Task instructions: Give back the full listing as written. No pictures go with it.

Given material:
- - - - - - -

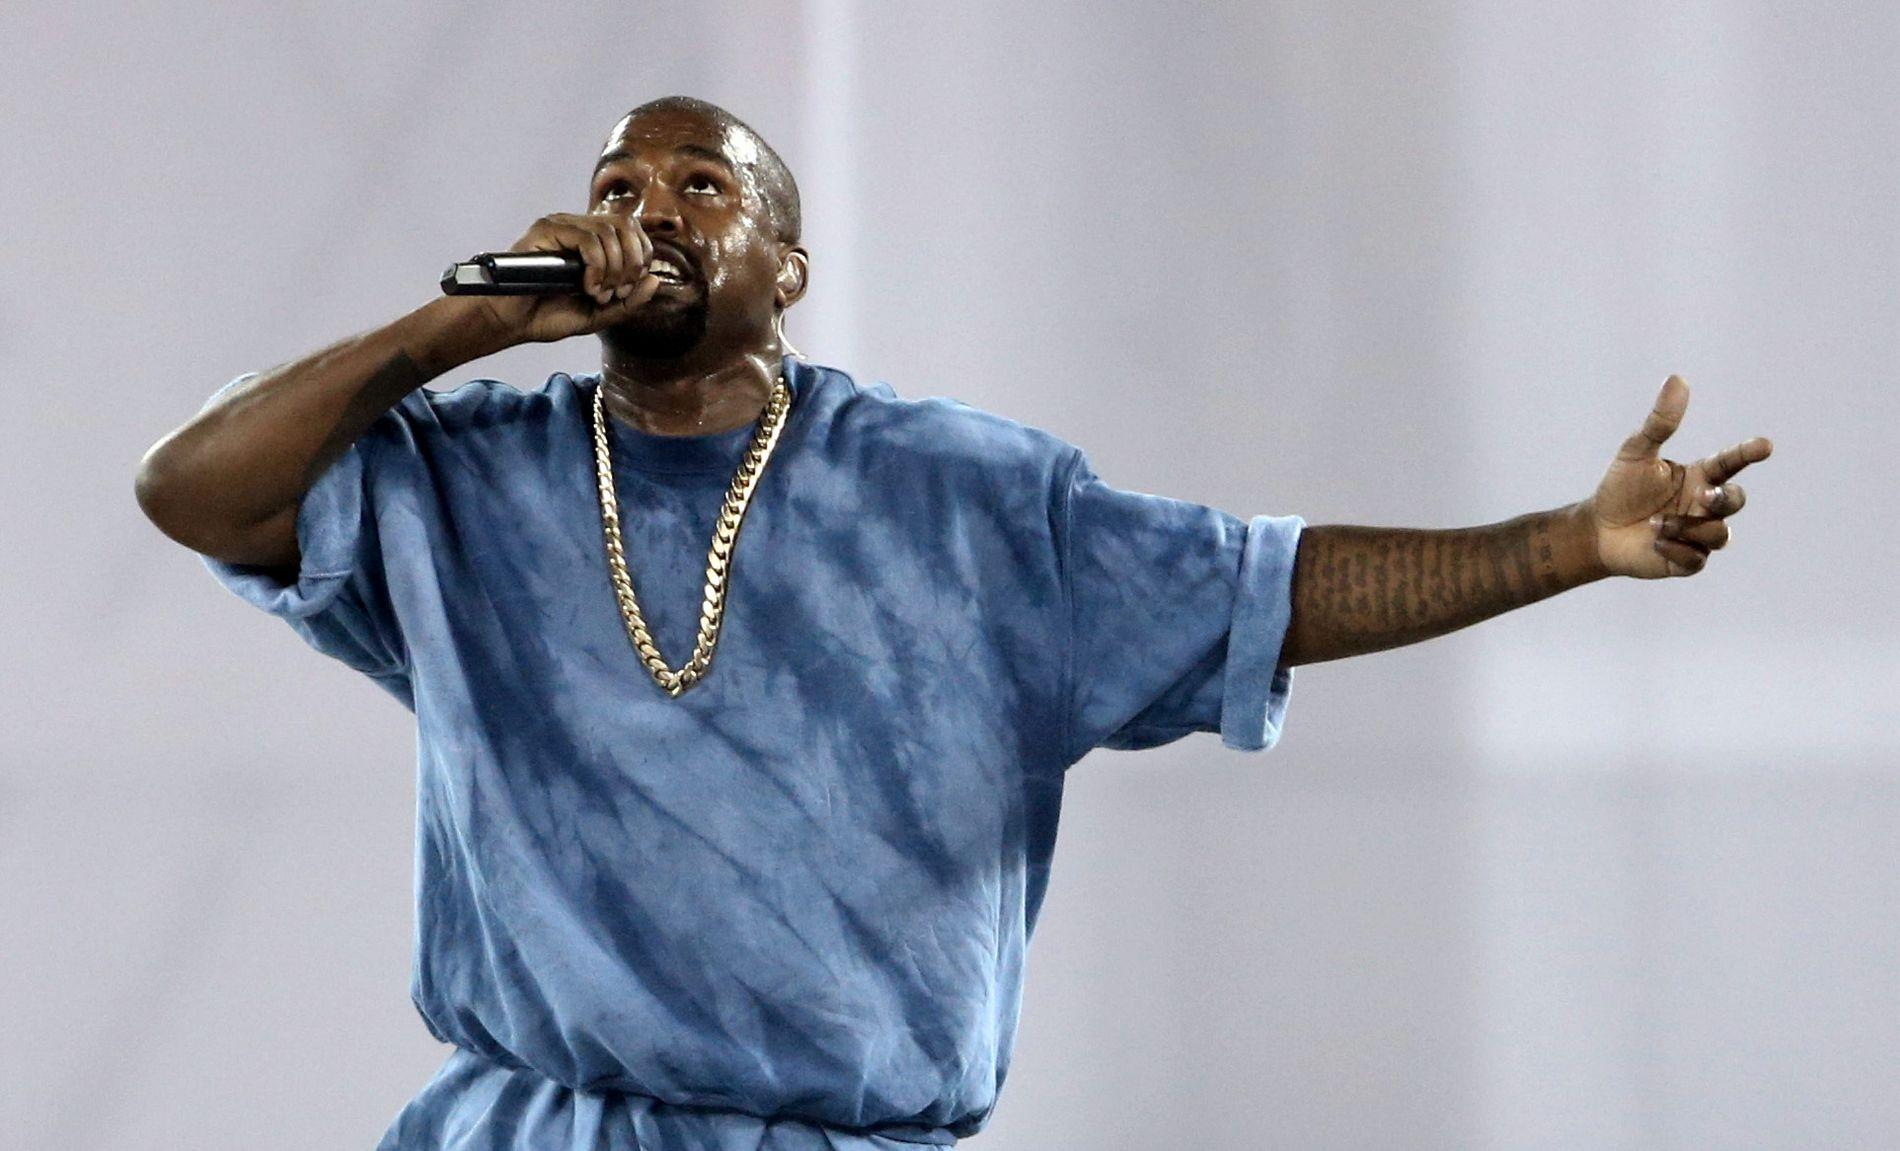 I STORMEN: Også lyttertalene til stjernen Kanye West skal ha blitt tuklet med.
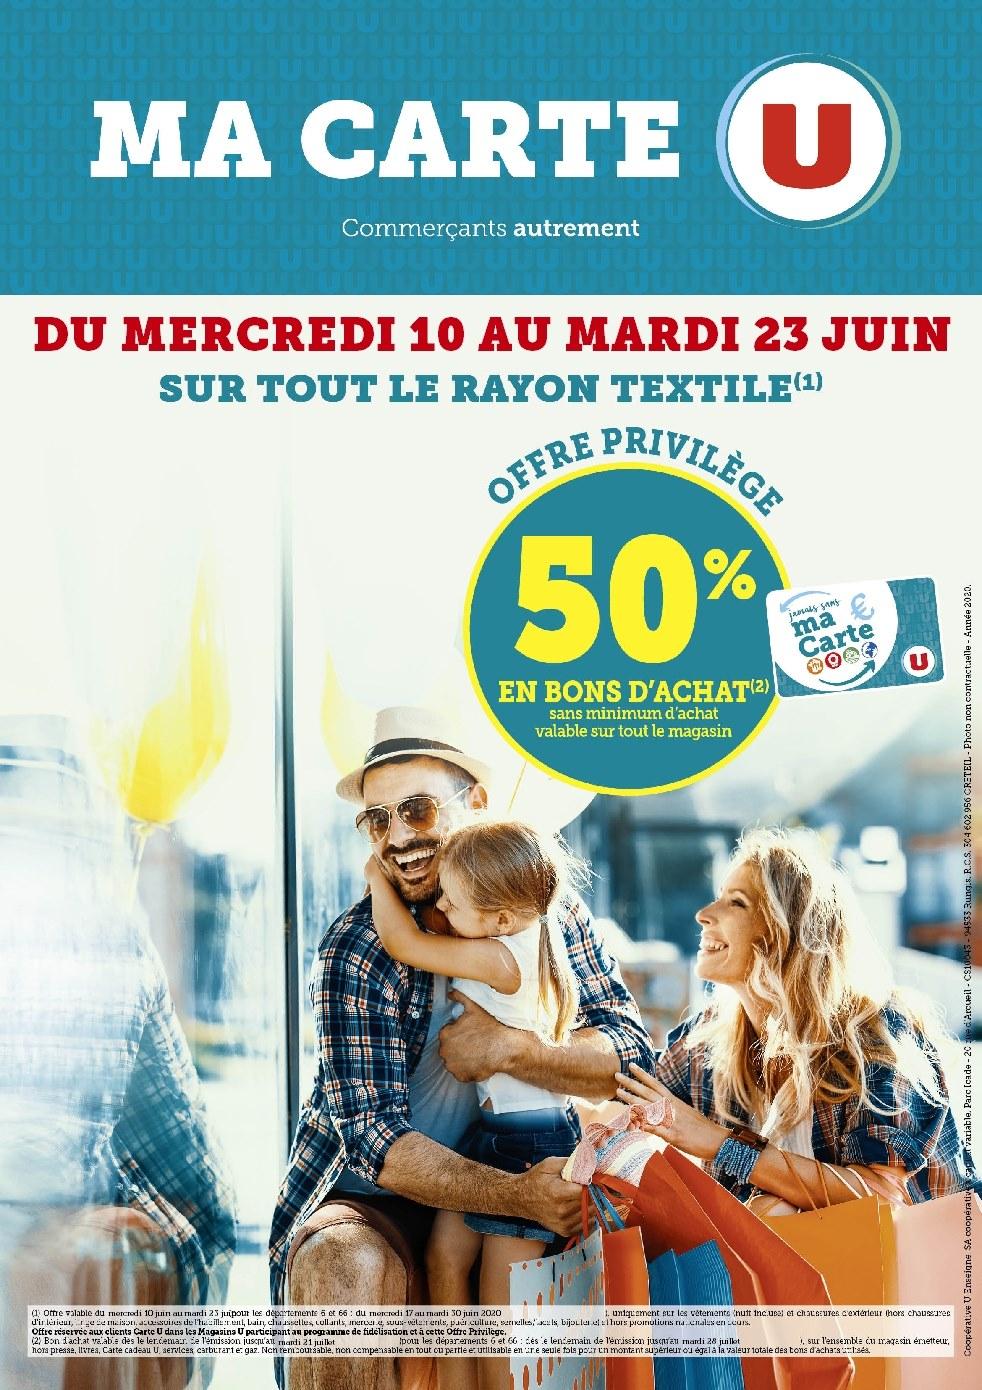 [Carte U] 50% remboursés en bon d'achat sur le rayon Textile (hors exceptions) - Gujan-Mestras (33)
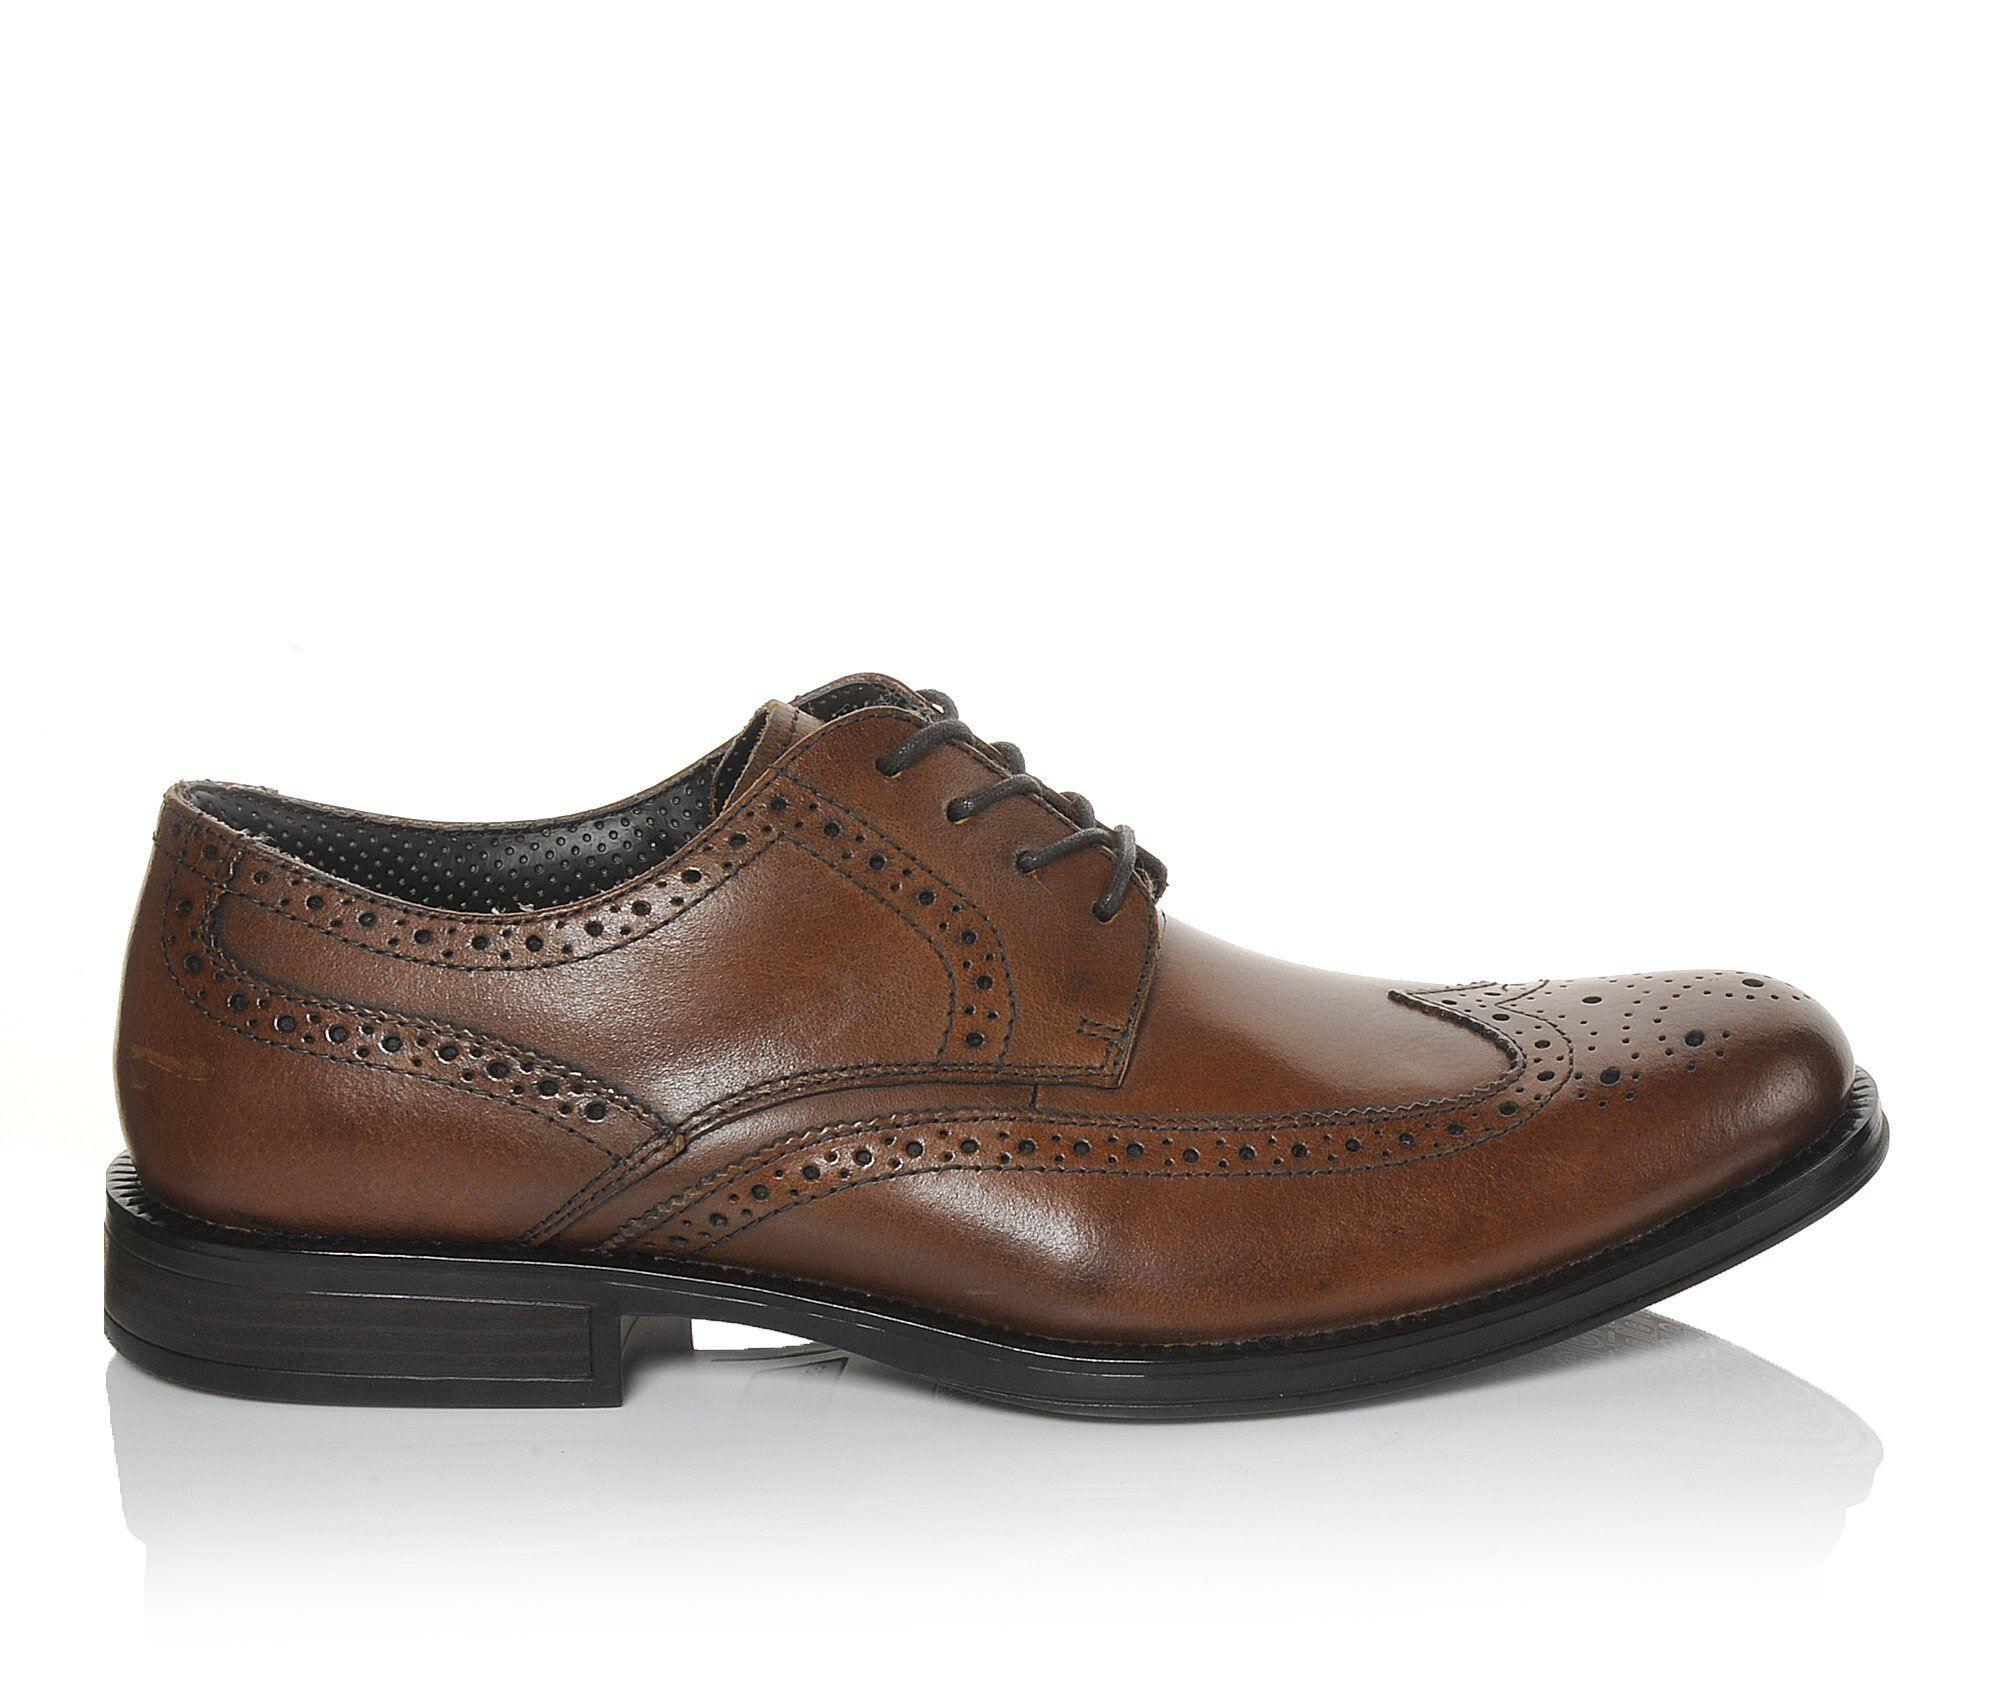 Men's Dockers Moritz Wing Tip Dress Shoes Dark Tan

- - - - - - -

Finished exercise:
 I STORMEN: Også lyttertalene til stjernen Kanye West skal ha blitt tuklet med.
 [Carte U] 50% remboursés en bon d'achat sur le rayon Textile (hors exceptions) - Gujan-Mestras (33)
 Men's Dockers Moritz Wing Tip Dress Shoes Dark Tan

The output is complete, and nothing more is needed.